I was discussing with one of my colleagues and she told me how she was planning to go to Senegal for the holidays because she thought it was a good way for her kids to see more diversity and people who don’t look like them (ie Black People).
So I told her it was a good idea because I was 4 the 1st time I saw a White person (and I cried btw...) And she was so shocked, like she couldn’t understand that some Black kids have never seen White people in their lives but somehow doesn’t think twice about the fact that her kids are in a similar situation.
Another time, I was talking to someone else about how I arrived in France when I was young but had lived in many African countries growing up (RDC, Kenya , Gabon, Center African Republic...).

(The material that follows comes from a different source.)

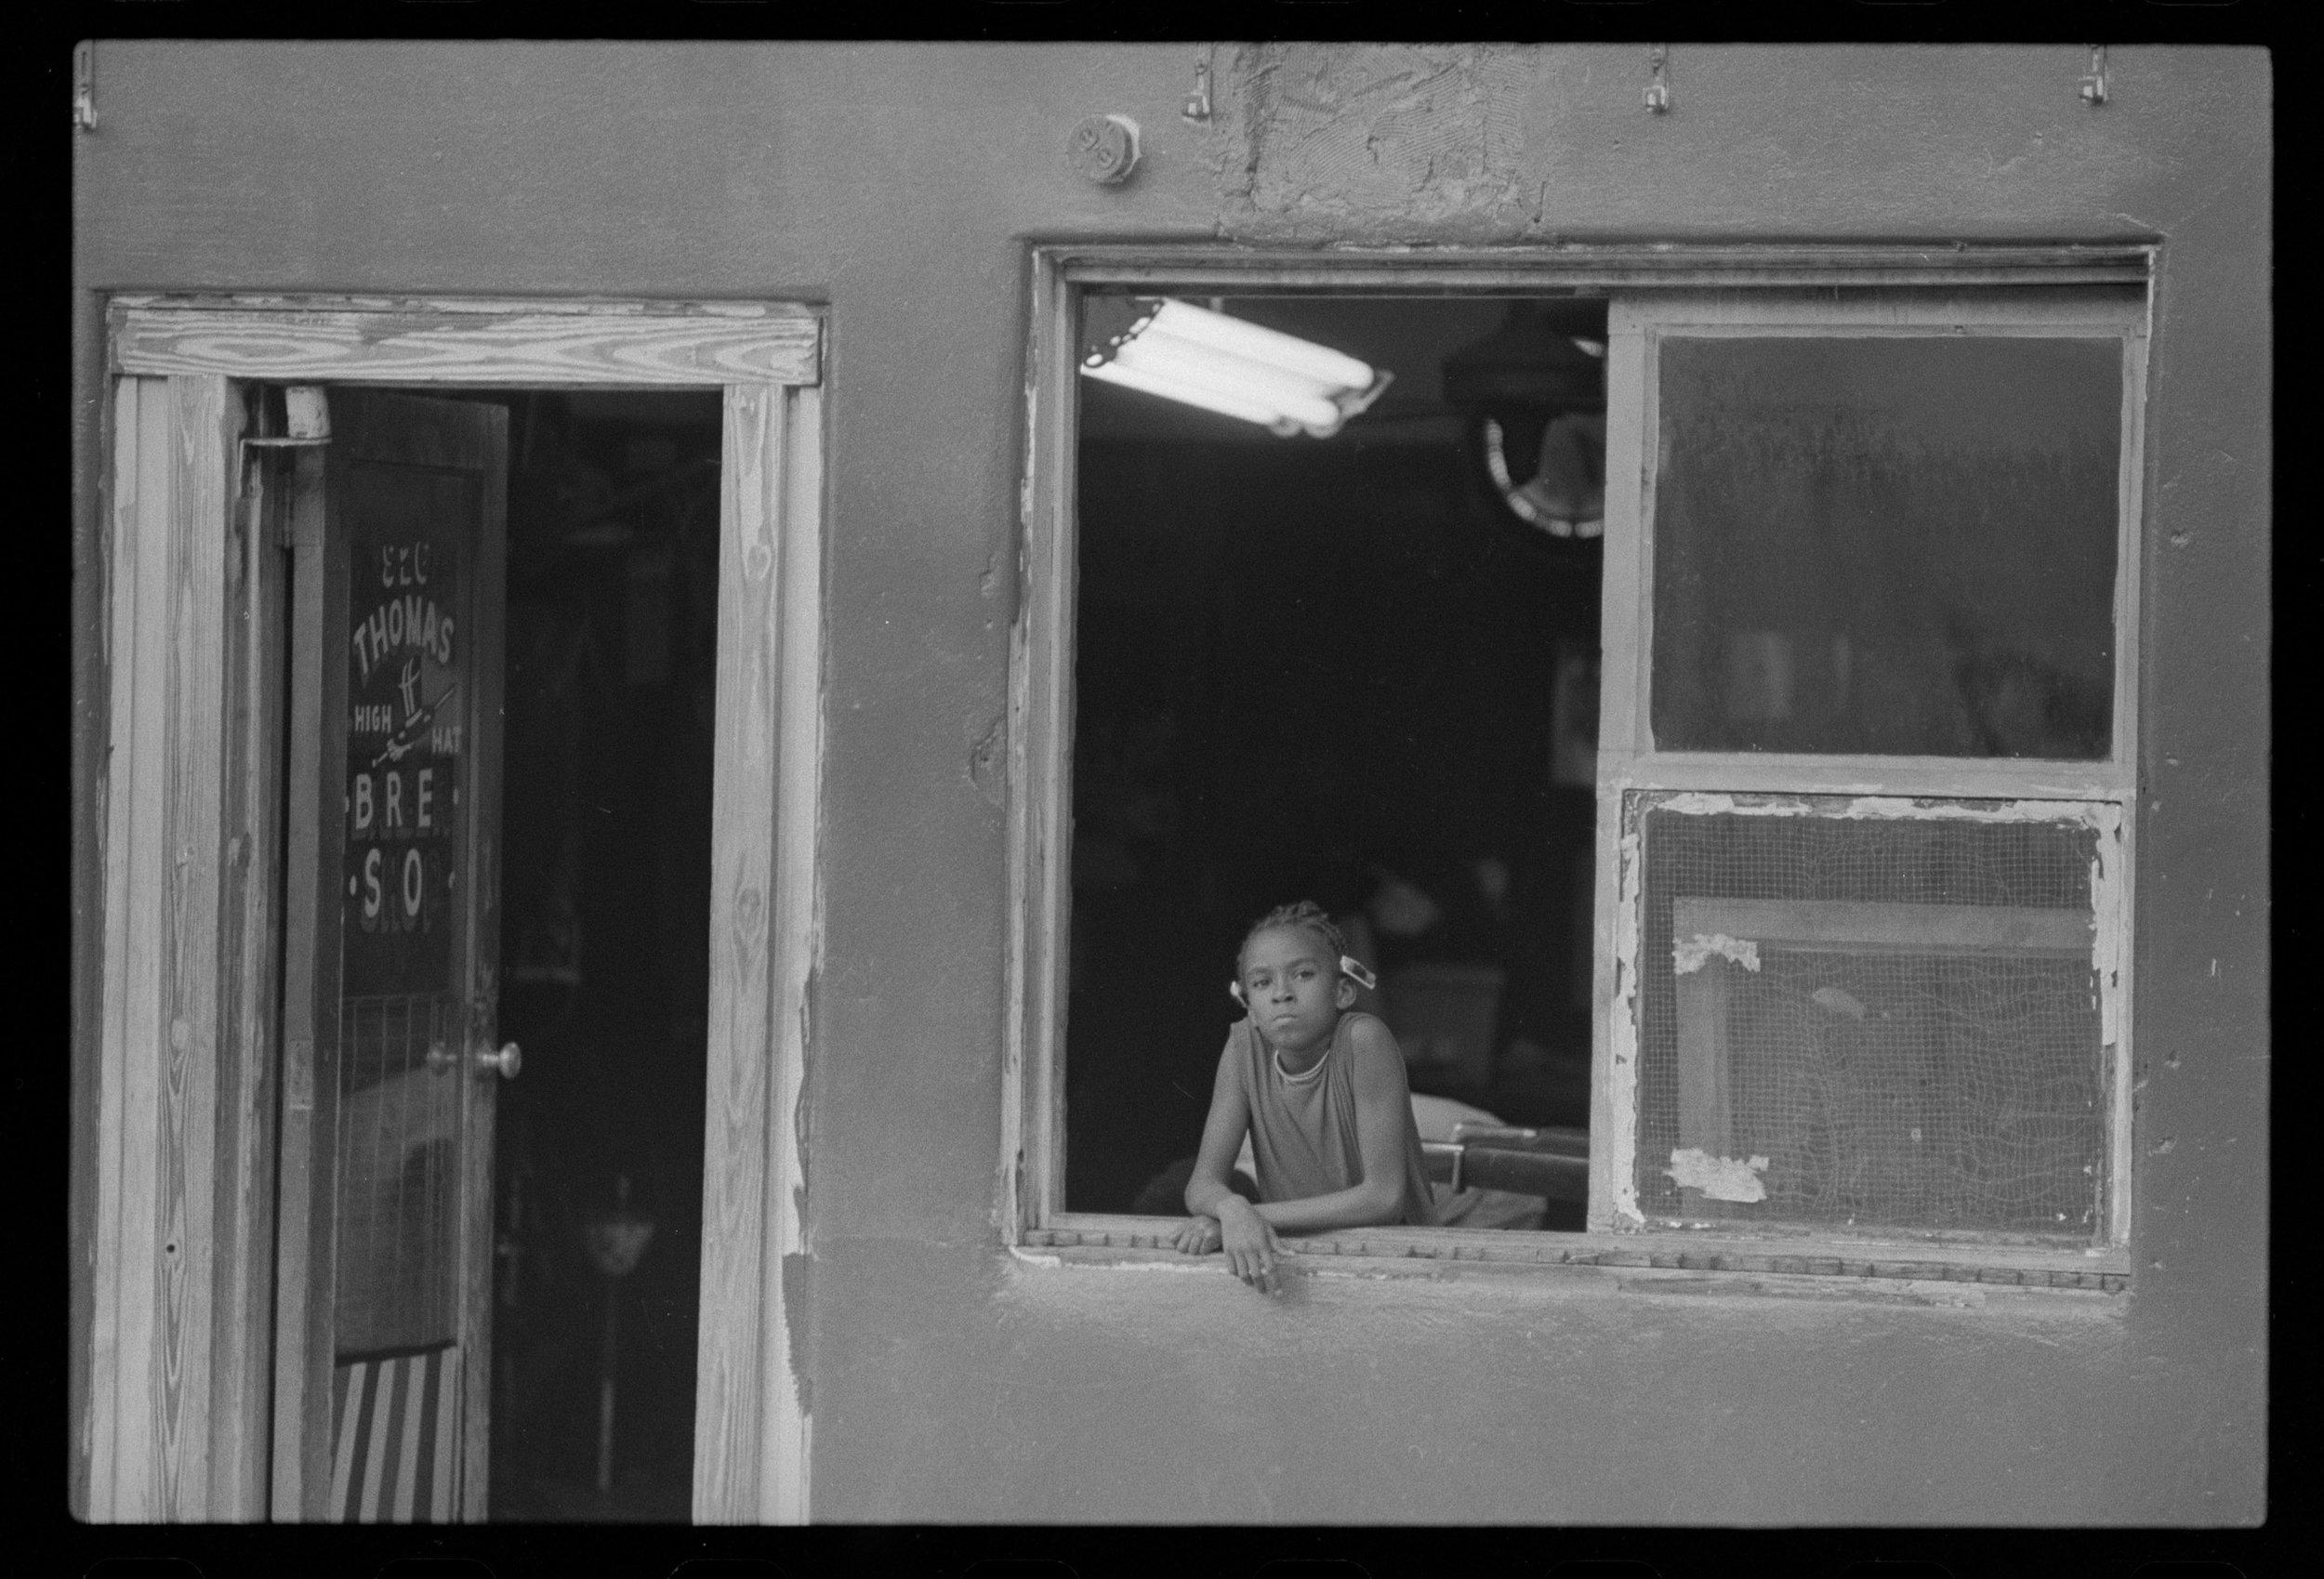 Ghetto_Girl_in_Window_062774_F23.jpg

And then that person proceeded to go on a tirade about how I must have felt so lucky to arrive in France, and how I should have been relieved to arrive in a developed country like France, blablaba. I just told him “not really”, because growing up I was told that France was amazing and so wealthy, but the first time I saw homeless people was when I arrived in Europe, so I didn’t really understand why people always talked about Europe like that. And again, the guy was shocked, just because I didn’t say my life in Africa was miserable and sad, and because I said that Europe was from what I had heard as a child.
If you’re going to bring your assumptions without knowing, I’ll retort with mine ( the view of an 8-9 year old). I don’t understand how someone can feel so entitled and assume something about your situation without asking first. I’m sorry the only thing you know about Africa is that one documentary you watched in middle school but leave me alone.